First, you really need poor, inpoverished soil. That way the wild flowers will thrive and the grass will not. You also need fine grasses, so that they do not grow too long and smother your flowers. You can create this be keeping your grass cut very short for at least three years and collecting every scrap af cuttings from it. Do not feed it at all. It may end up looking a bit scrufy but that will not matter.

Then you need to decide whether you are going to grow wild flowers which flower in the spring (like cowslips and forget me knots (and loads of others) or those which flower in the summer such as ox-eye daisy and poppies. There are many specialist merchants who sell  both wild flower seeds and also plug plants for wild flowers. (These are small-rooted plants). They will tell you what plants are included in which catogary and you can make a decision on that.

The reason you need to make that decision is that the cutting regime for your grass will differ. If you have sping flowering  plants, then you cut your grass in the summer after the spring flowers have finished flowering and have set seed.Don’t dead head the flowers or collect the seed, they need to re-seed themselves in your grass. (Unless, of course you want to grow more pplug plants for some reason).  If you have summer flowering plants, then you cut in early spring and in autumn – after seeds have set.

One of the things we did was have a garden party after the plants had set their seeds and let our guests trample the seed into the grass. In nature, the cows do this job, but your guests will churn up the soil equally well.

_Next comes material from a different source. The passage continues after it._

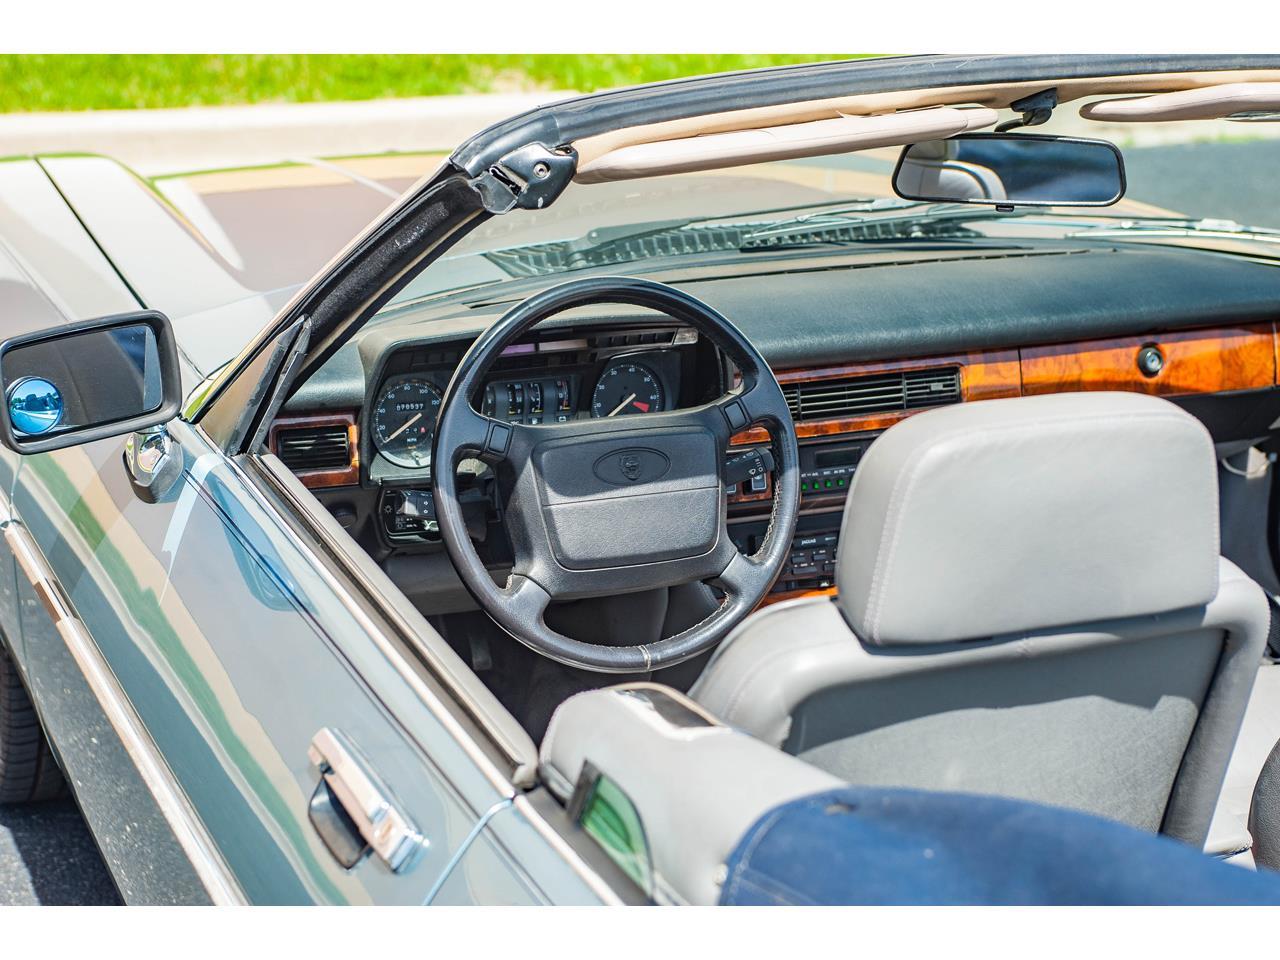 Large Picture of 1990 Jaguar XJS located in O'Fallon Illinois - $15,500.00 - QB9E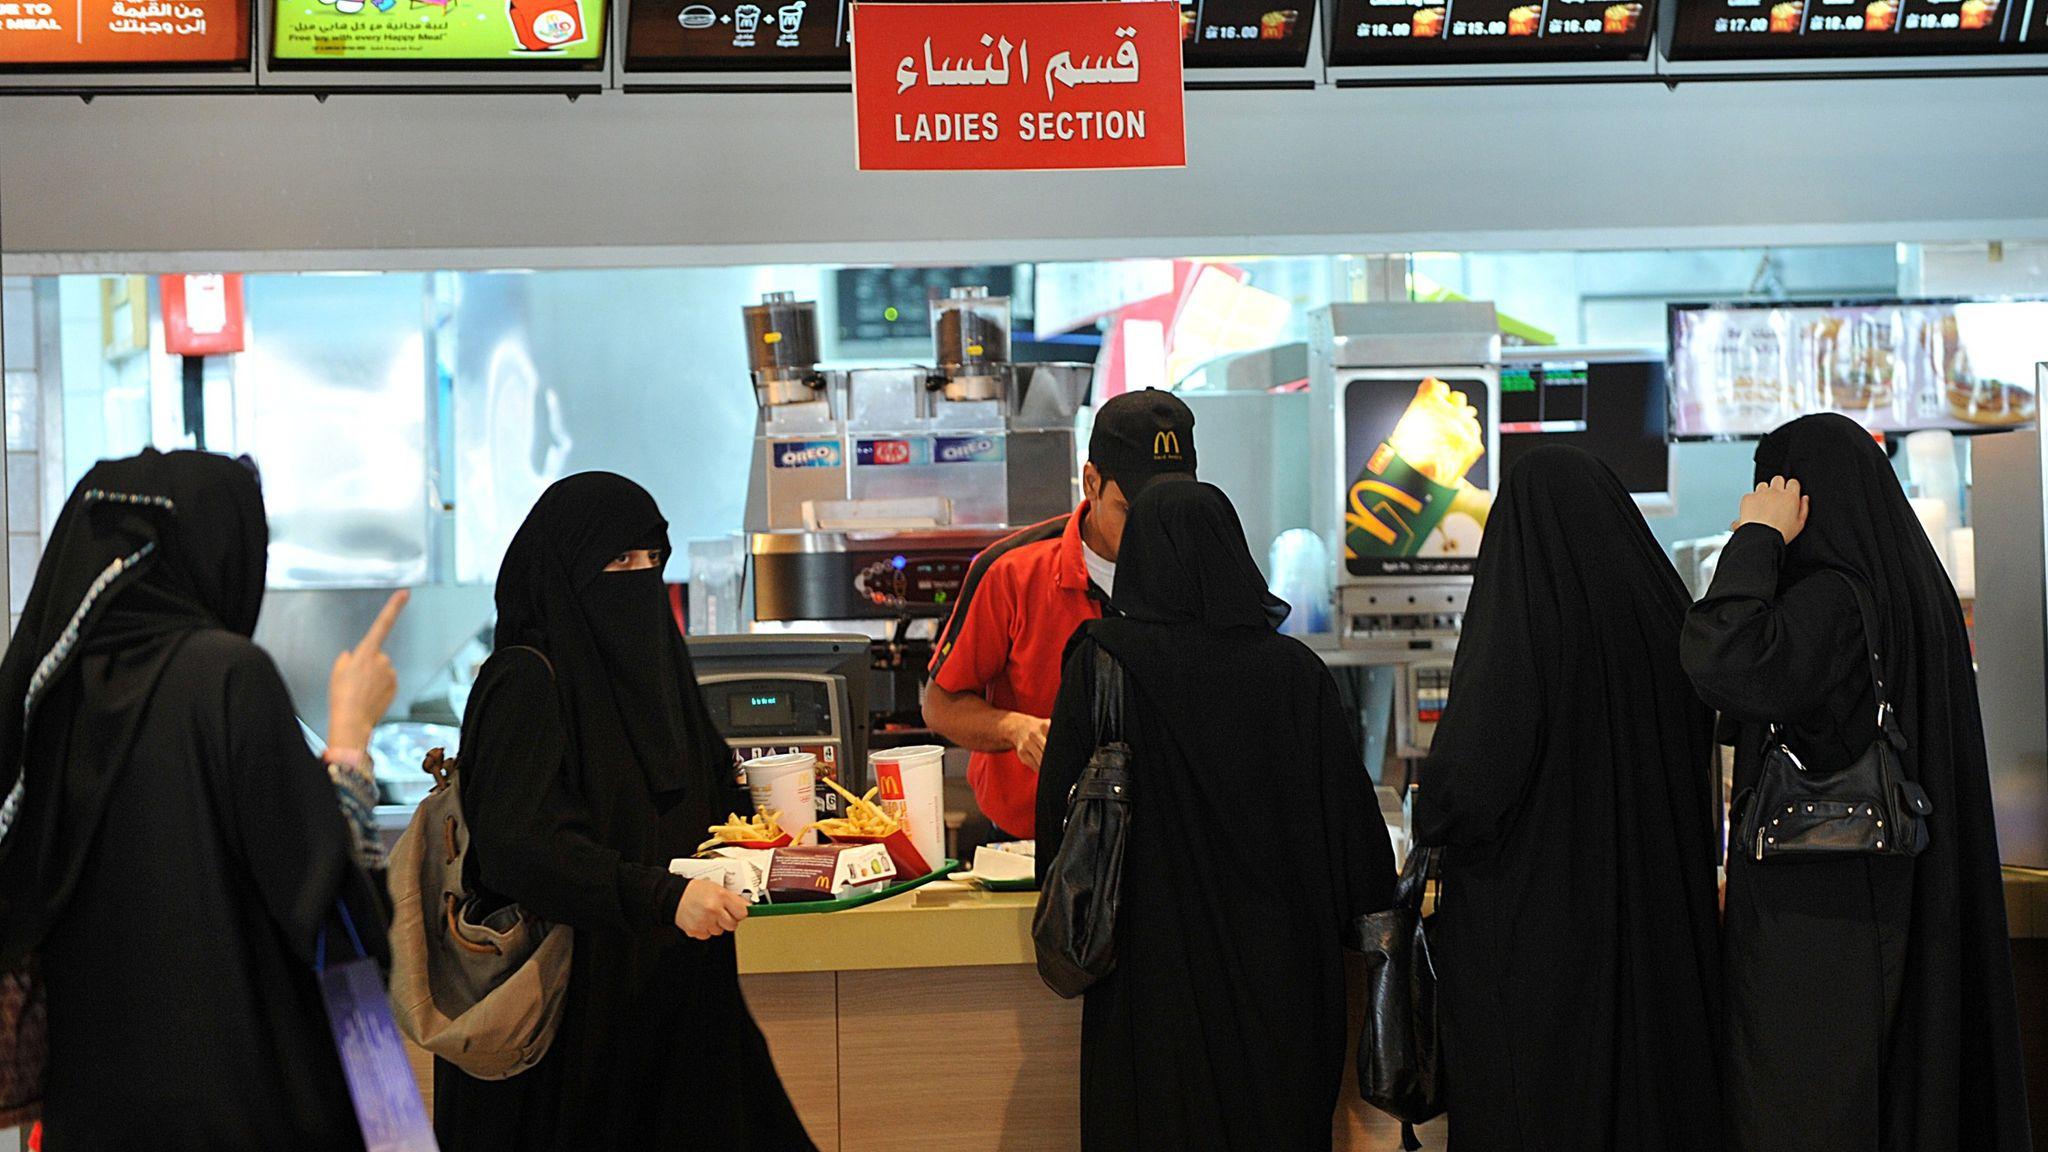 Saudi Arabia lifts ban on segregating women and men in restaurants

Every year in  a wild flower meadow will be different. One year  the majority of flowers will be of one type, whilst the next year it may well be a different type. Sad to say, you are unlikely to always have a balanced mix.

When you first start your wild flower meadow, the grass may well be too much comppetition for wild flower seed to germinate and grow. To get over this problem. either buy ready grown plants (plug plants are great because you only have to dig very small holes) or grow your own small plants in seed trays from specialist wild flower seed and then plant them.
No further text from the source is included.